Increased Risk Of Hepatitis-C Virus And Skin And Soft Tissue Infection Among People Who Inject Novel Psychoactive Substances

Author: McAuley A, Yeung A, Taylor A, Hutchinson SJ, Goldberg DJ, Munro A

Theme: Epidemiology & Public Health Research Year: 2018

Background: Use of Novel Psychoactive Substances (NPS) is of increasing public health concern, but little is known about people who inject NPS and related harms.

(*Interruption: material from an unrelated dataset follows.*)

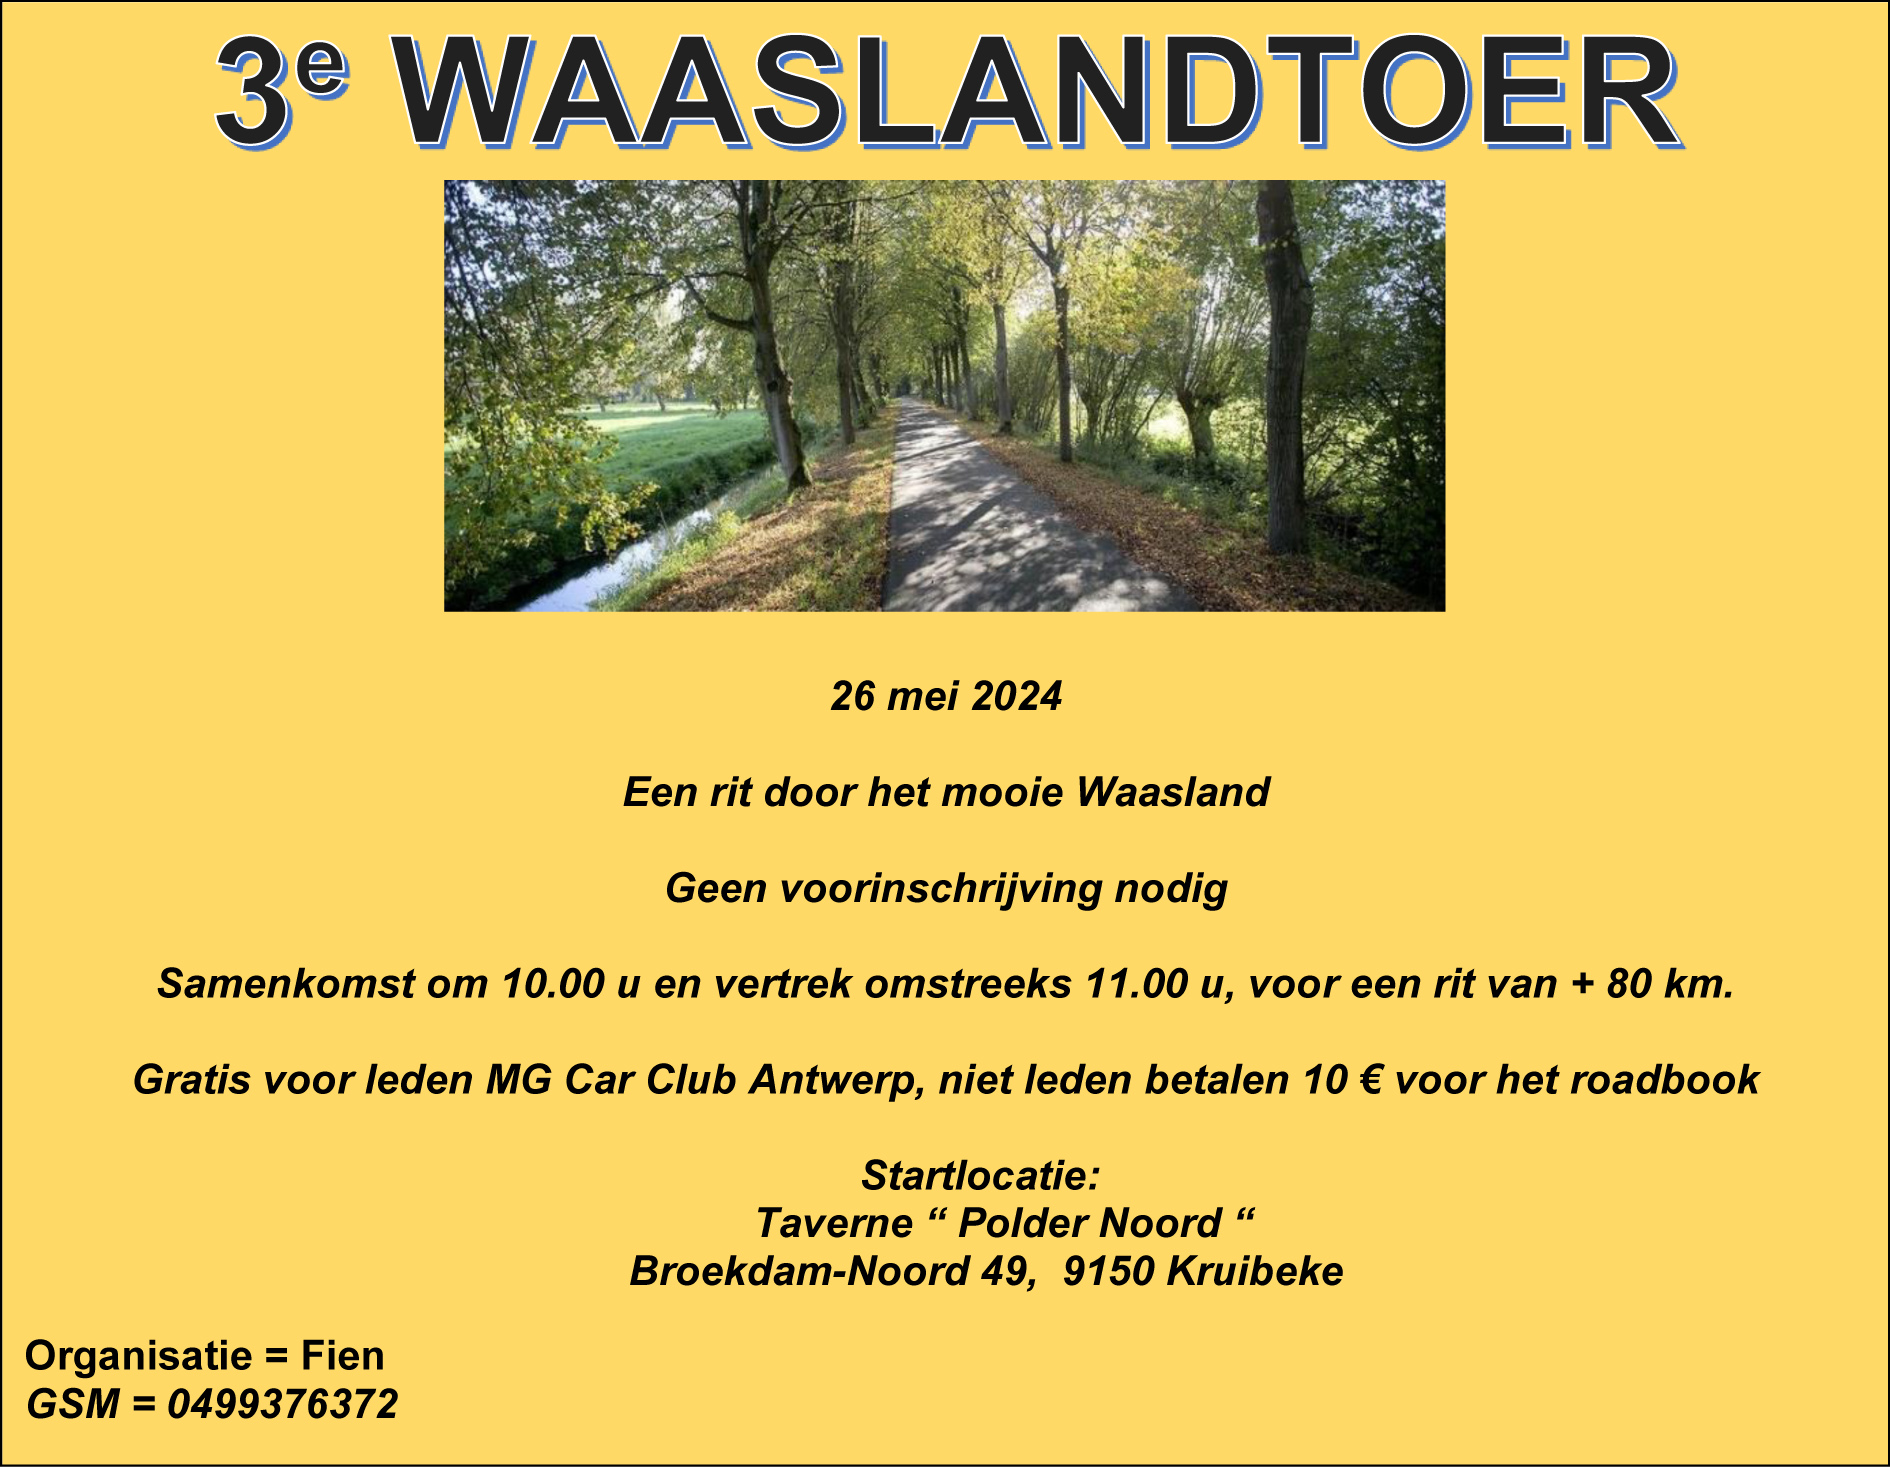 Waaslandtour

We aimed to examine the prevalence of NPS injecting in Scotland among People Who Inject Drugs (PWID) and the factors associated with it, and to assess the burden of hepatitis c virus (HCV) among people who inject NPS. Methods: Data from the Scottish Needle Exchange Surveillance Initiative (NESI) survey collected between 2008 and 2016 were analysed. Unadjusted and adjusted logistic regression was used to determine factors associated with NPS injecting and HCV infection. Results: The proportion of PWID taking part in the survey reporting that they had injected NPS in the previous six months increased from 0.2% in 2008-09 to 11% in 2015-16. Those who reported injecting NPS were considerably more likely to have taken part in recent surveys (2013-14: aOR 26.06, 95% CI 10.99-61.78; 2015-16: aOR 120.65, 95% CI 52.91–275.11) than in earlier studies, typically younger than other PWID (aOR 0.95, 95% CI 0.93-0.97), and more likely have had recent experience of homelessness (aOR 1.42, 95% CI 1.04–1.94)) or ever been in prison (aOR 1.60, 95% CI 1.16–2.22). When considering harms, people who inject NPS were significantly more likely to be HCV antibody positive (aOR 1.71, 95% CI 1.23-2.38). Increasing HCV antibody prevalence and high rates of incident HCV infection were evident in the locality with the greatest exposure to NPS injecting. Conclusion: People who inject NPS in Scotland are at increased risk of HCV despite high coverage of harm reduction interventions. NPS injecting potentially presents a threat to HCV elimination strategies. Prevention efforts should utilise both legislative and harm reduction approaches, with a particular focus on homeless and ex-prisoner populations who appear especially vulnerable to NPS injecting and related harms. Disclosure of Interest Statement: DJG has received personal fees from Gilead Sciences, Bristol-Myers Squibb and Abbvie, all unrelated to this study. All remaining authors have nothing to disclose.